In this cookbook we show you how to build an agent around a query pipeline.

Agents offer the ability to do complex, sequential reasoning on top of any query DAG that you have setup. Conceptually this is also one of the ways you can add a "loop" to the graph.

We show you two examples of agents you can implement:
- a full ReAct agent that can do tool picking
- a "simple" agent that adds a retry layer around a text-to-sql query engine.

## Setup Data

We use the chinook database as sample data. [Source](https://www.sqlitetutorial.net/sqlite-sample-database/).

In [1]:
!curl "https://www.sqlitetutorial.net/wp-content/uploads/2018/03/chinook.zip" -O ./chinook.zip
!unzip ./chinook.zip

  % Total    % Received % Xferd  Average Speed   Time    Time     Time  Current
                                 Dload  Upload   Total   Spent    Left  Speed
100  298k  100  298k    0     0  1035k      0 --:--:-- --:--:-- --:--:-- 1036k
Archive:  ./chinook.zip
  inflating: chinook.db              


In [1]:
from llama_index import SQLDatabase
from sqlalchemy import (
    create_engine,
    MetaData,
    Table,
    Column,
    String,
    Integer,
    select,
    column,
)

engine = create_engine("sqlite:///chinook.db")
sql_database = SQLDatabase(engine)

In [2]:
from llama_index.query_pipeline import QueryPipeline

### Setup Observability

We setup Arize Phoenix for observability.

In [3]:
# setup Arize Phoenix for logging/observability
import phoenix as px
import llama_index

px.launch_app()
llama_index.set_global_handler("arize_phoenix")

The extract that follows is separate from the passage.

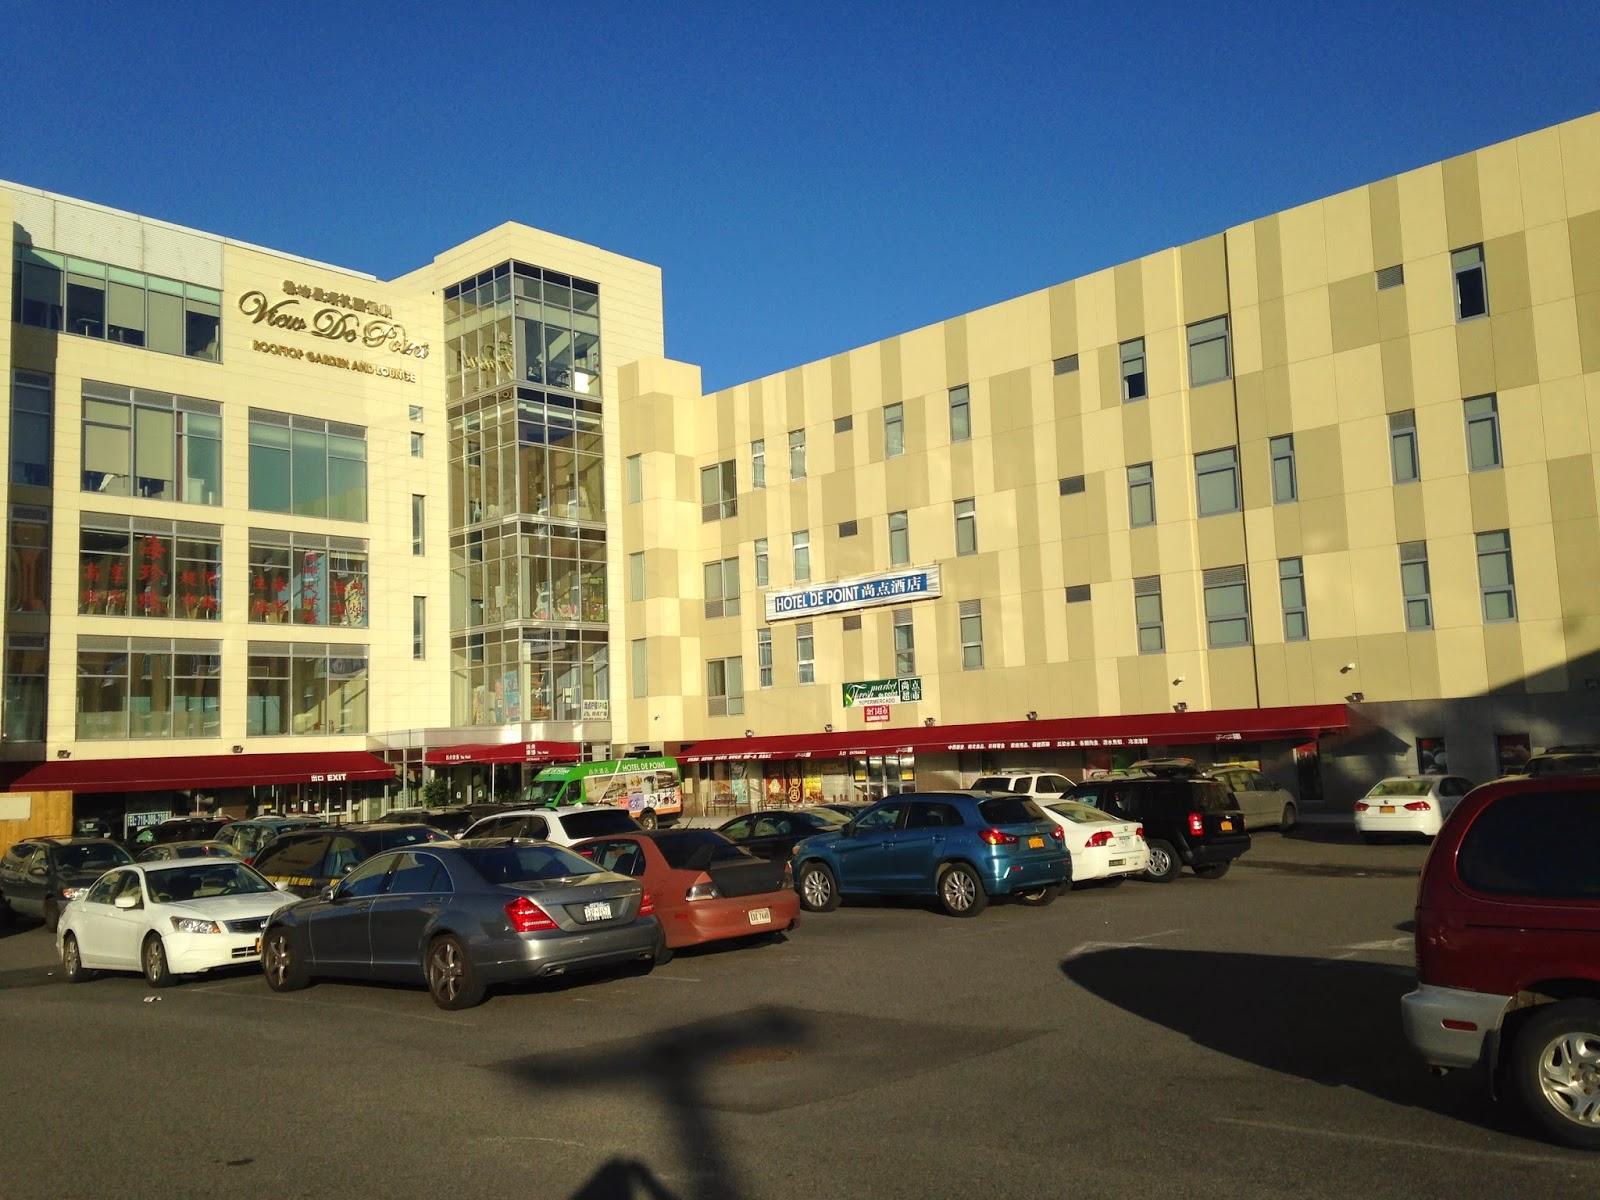 Hotel De Point 20 07 127th St

🌍 To view the Phoenix app in your browser, visit http://0.0.0.0:6006/
📺 To view the Phoenix app in a notebook, run `px.active_session().view()`
📖 For more information on how to use Phoenix, check out https://docs.arize.com/phoenix


## Setup Text-to-SQL Query Engine / Tool

Now we setup a simple text-to-SQL tool: given a query, translate text to SQL, execute against database, and get back a result. 

In [4]:
from llama_index.query_engine import NLSQLTableQueryEngine
from llama_index.tools.query_engine import QueryEngineTool

sql_query_engine = NLSQLTableQueryEngine(
    sql_database='chinook.db',
    tables=["albums", "tracks", "artists"],
    verbose=True,
)
sql_tool = QueryEngineTool.from_defaults(
    query_engine=sql_query_engine,
    name="sql_tool",
    description=(
        "Useful for translating a natural language query into a SQL query"
    ),
)

## Setup ReAct Agent Pipeline

We now setup a ReAct pipeline for a single step using our Query Pipeline syntax. This is a multi-part process that does the following:
1. Takes in agent inputs
2. Calls ReAct prompt using LLM to generate next action/tool (or returns a response).
3. If tool/action is selected, call tool pipeline to execute tool + collect response.
4. If response is generated, get response.

Throughout this we'll use a variety of agent-specific query components. Unlike normal query pipelines, these are specifically designed for query pipelines that are used in a `QueryPipelineAgentWorker`:
- An `AgentInputComponent` that allows you to convert the agent inputs (Task, state dictionary) into a set of inputs for the query pipeline.
- An `AgentFnComponent`: a general processor that allows you to take in the current Task, state, as well as any arbitrary inputs, and returns an output. In this cookbook we define a function component to format the ReAct prompt. However, you can put this anywhere.
- An `CustomAgentComponent`: similar to `AgentFnComponent`, you can implement `_run_component` to define your own logic, with access to Task and state. It is more verbose but more flexible than `AgentFnComponent` (e.g. you can define init variables, and callbacks are in the base class).

Note that any function passed into `AgentFnComponent` and `AgentInputComponent` MUST include `task` and `state` as input variables, as these are inputs passed from the agent. 

Note that the output of an agentic query pipeline MUST be `Tuple[AgentChatResponse, bool]`. You'll see this below.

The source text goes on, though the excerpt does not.